Les citoyens peuvent-ils déclencher une procédure référendaire? Les adversaires de cette idée y ont vu du «populisme» et d'autres, plus virulents, une «dictature du peuple».

D'abord, il est faux de prétendre qu'il s'agit d'une idée saugrenue ou dépassée. L'application du principe d'initiative populaire est en pleine croissance depuis 1945. On la retrouve en Allemagne, aux États-Unis, en Suisse, en Autriche ou en Italie. La Colombie-Britannique vient de vivre son premier référendum amorcé par la population, et l'anarchie n'a pas eu lieu.

Si cette idée était farfelue, elle n'aurait pas été inscrite par les 27 gouvernements de l'Union européenne dans le Traité de Lisbonne de 2007. Les législateurs français de droite comme de gauche ne l'auraient pas récemment intégrée d'une manière originale à la constitution.

Il est également faux de prétendre que quelques «zélotes» pourraient l'accaparer.
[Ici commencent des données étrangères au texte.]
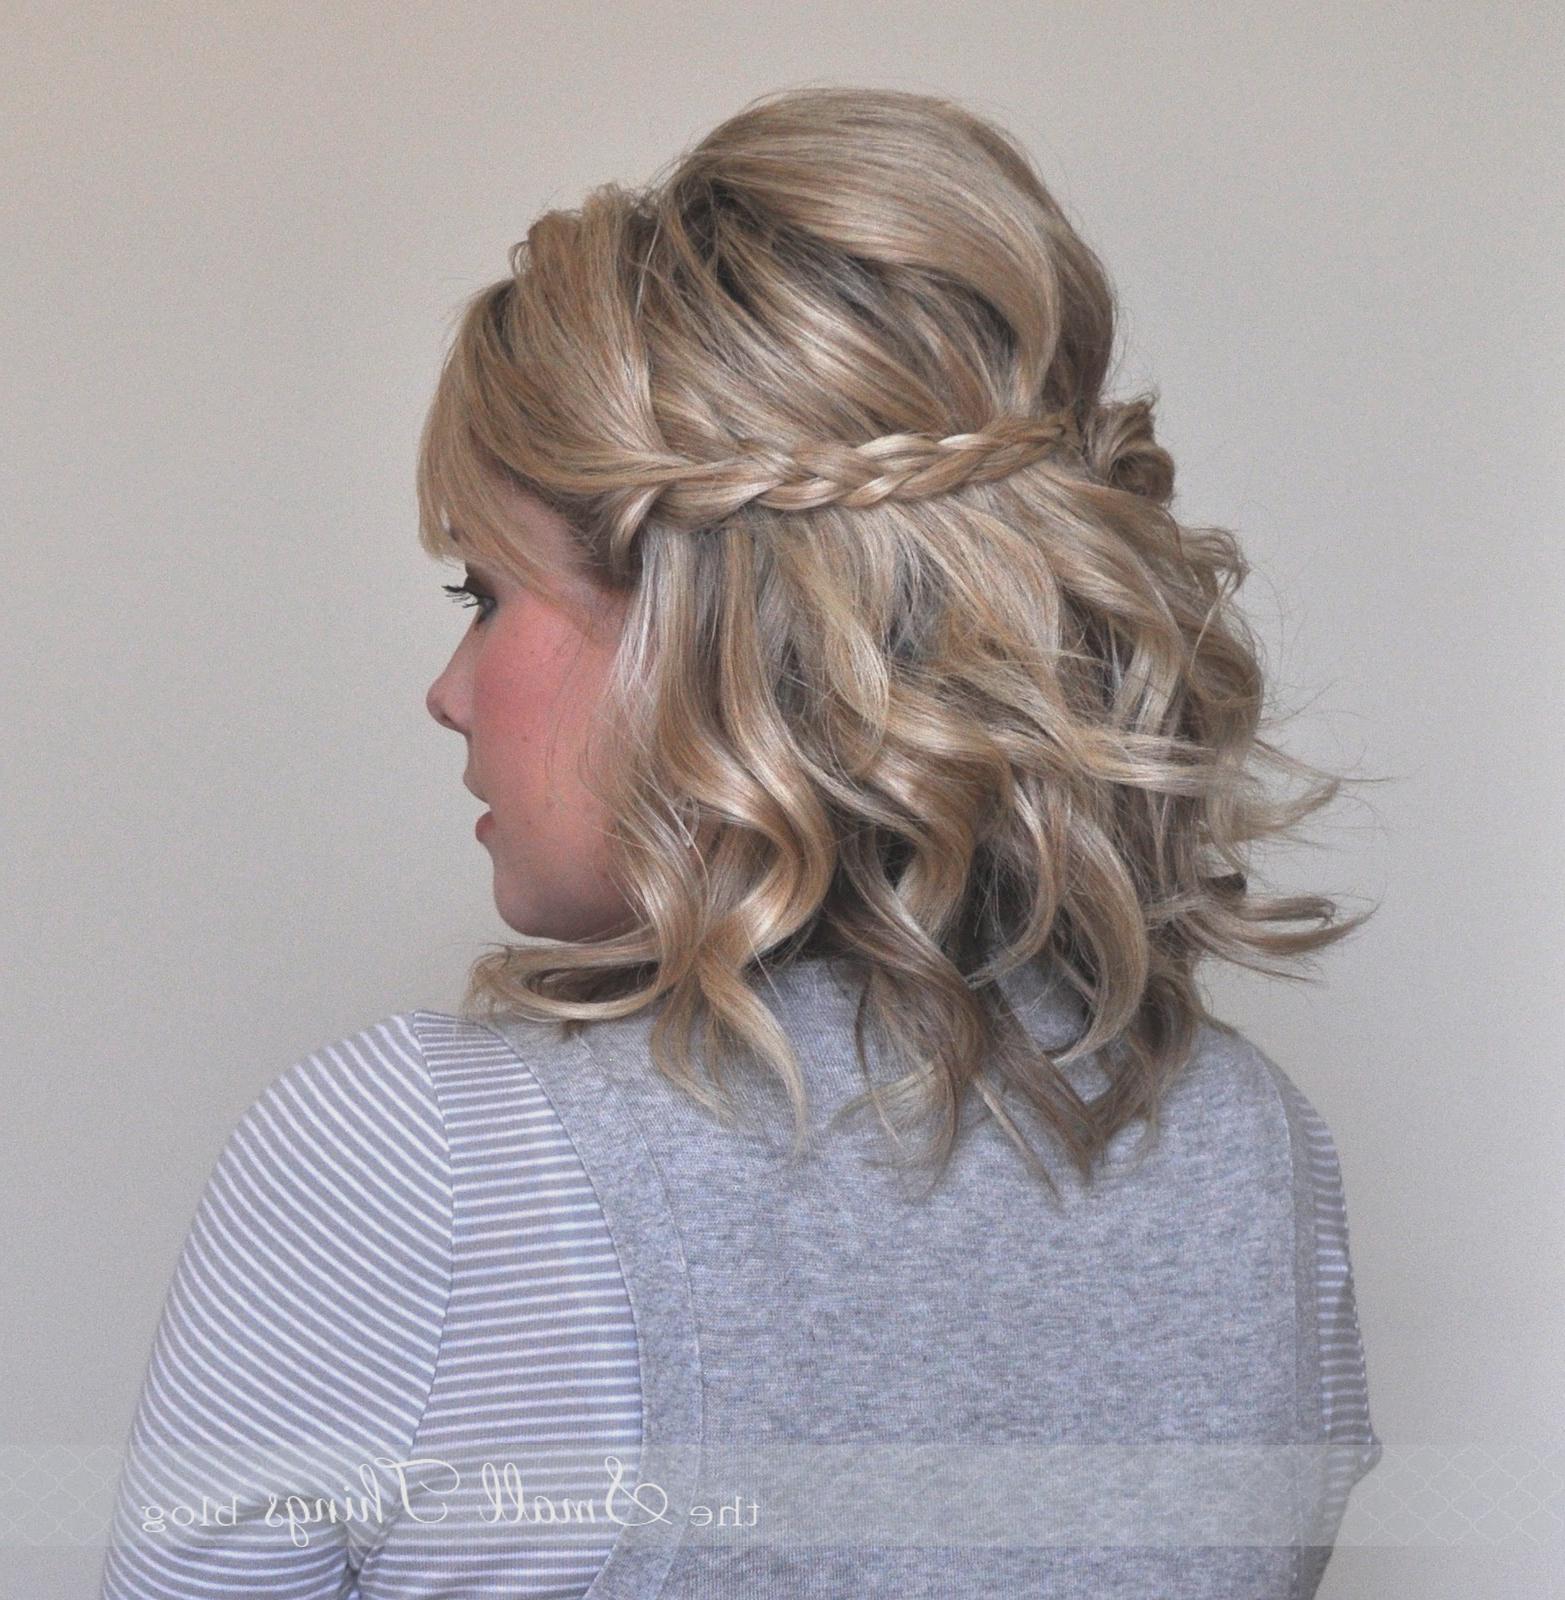 Wedding Hairstyles : Simple Wedding Hairstyles Half Up Short Hair Throughout Preferred Simple Halfdo Wedding Hairstyles For Short Hair (View 18 of 20)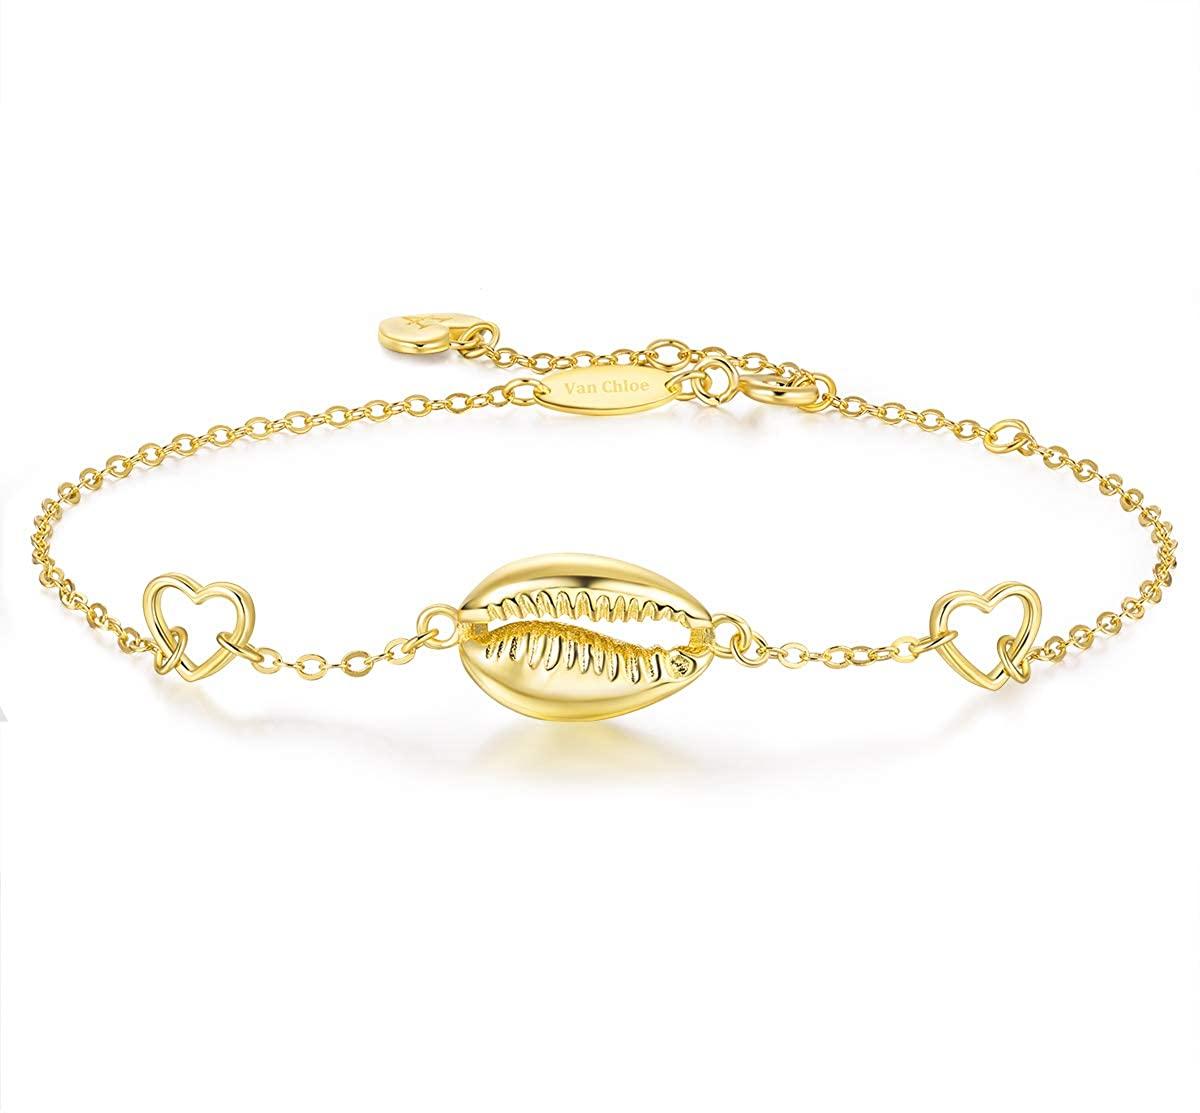 Van Chloe 925 Sterling Silver Shell Bracelet Boho Seashell Adjustable Bracelet Jewelry Gifts for Women Teen Girls Christmas

En fixant la barre à 10%, et plus encore à 15% des électeurs inscrits, c'est pratiquement impossible. La pétition demandant la démission du premier ministre Charest, bien que relayée à grande échelle, n'est pas parvenue à recueillir l'appui de 250 000 personnes, soit 4% des électeurs inscrits. Et ceux qui craignent des référendums à répétition, comme en Suisse, doivent savoir que là-bas, seulement 100 000 signatures sont requises, soit huit fois moins que la proposition présentée ici.

Enfin, certains prévoient un «cafouillage» si un gouvernement devait se voir imposer la tenue d'un référendum sur une question qu'il ne souhaite pas. Dans les municipalités du Québec, l'initiative populaire est en place sans que l'anarchie ait lieu.

Au Québec, cette idée est non seulement soutenue par les Bernard Drainville, Pierre Curzi et certaines franges du mouvement souverainiste, mais elle a également été proposée par Mario Dumont en 2000, même par René Lévesque en 1984. Les libéraux de Jean Charest ont été les premiers à l'appliquer ponctuellement en 2004 pour résoudre l'épineux problème des fusions municipales: 89 consultations se sont tenues dans autant de municipalités, lorsque 10% des gens signaient le registre.

Dans un régime comme le nôtre, il manque de contrepoids au pouvoir du premier ministre, du moins lorsqu'il dirige un gouvernement majoritaire. Les médias et les groupes de pression peuvent s'exprimer, mais il y a peu de mécanismes institutionnels qui permettent de contrecarrer les volontés du bureau du premier ministre entre deux élections générales.

La prémisse des opposants à une telle réforme renvoie souvent au spectre d'une irrationalité populaire. Or, ce droit doit être encadré; un référendum ne pourrait par exemple contrevenir aux droits fondamentaux. Il existe aussi des délais, des procédures, qui permettent l'existence d'un débat serein.

Certains ont craint que tous les péquistes s'empressent de signer un tel registre pour déclencher un référendum sur la souveraineté. Les gens ne sont pas suicidaires. Les sondages nous indiquent que presque la moitié d'entre eux n'en veulent pas à court terme. La démocratie présume que les citoyens sont raisonnables; ce sont les dictatures qui définissent la majorité comme incapable.

Évidemment, les référendums d'initiative populaire ne constituent pas un mécanisme sans défaut. Mais de tous les projets de réforme, celui-là est peut-être le plus simple, le plus facile à implanter et celui qui chamboule le moins nos institutions politiques.

L'ajout de l'initiative populaire comme possibilité s'inscrit dans une tendance fondamentale qui donne plus de pouvoirs aux populations parce que celles-ci sont plus instruites, plus informées et mieux organisées. Les partis politiques ne sont plus aussi fédérateurs et rassembleurs qu'autrefois. Les parlements doivent partager ce qui est peut-être devenu trop lourd pour leurs seules épaules.

Avant d'assassiner cette idée, les intervenants publics devraient faire la part des choses. Une idée de réforme n'a pas à être parfaite pour être bonne. À ce compte-là, on ne fera rien; et l'immobilisme tant décrié l'emportera contre tout espoir.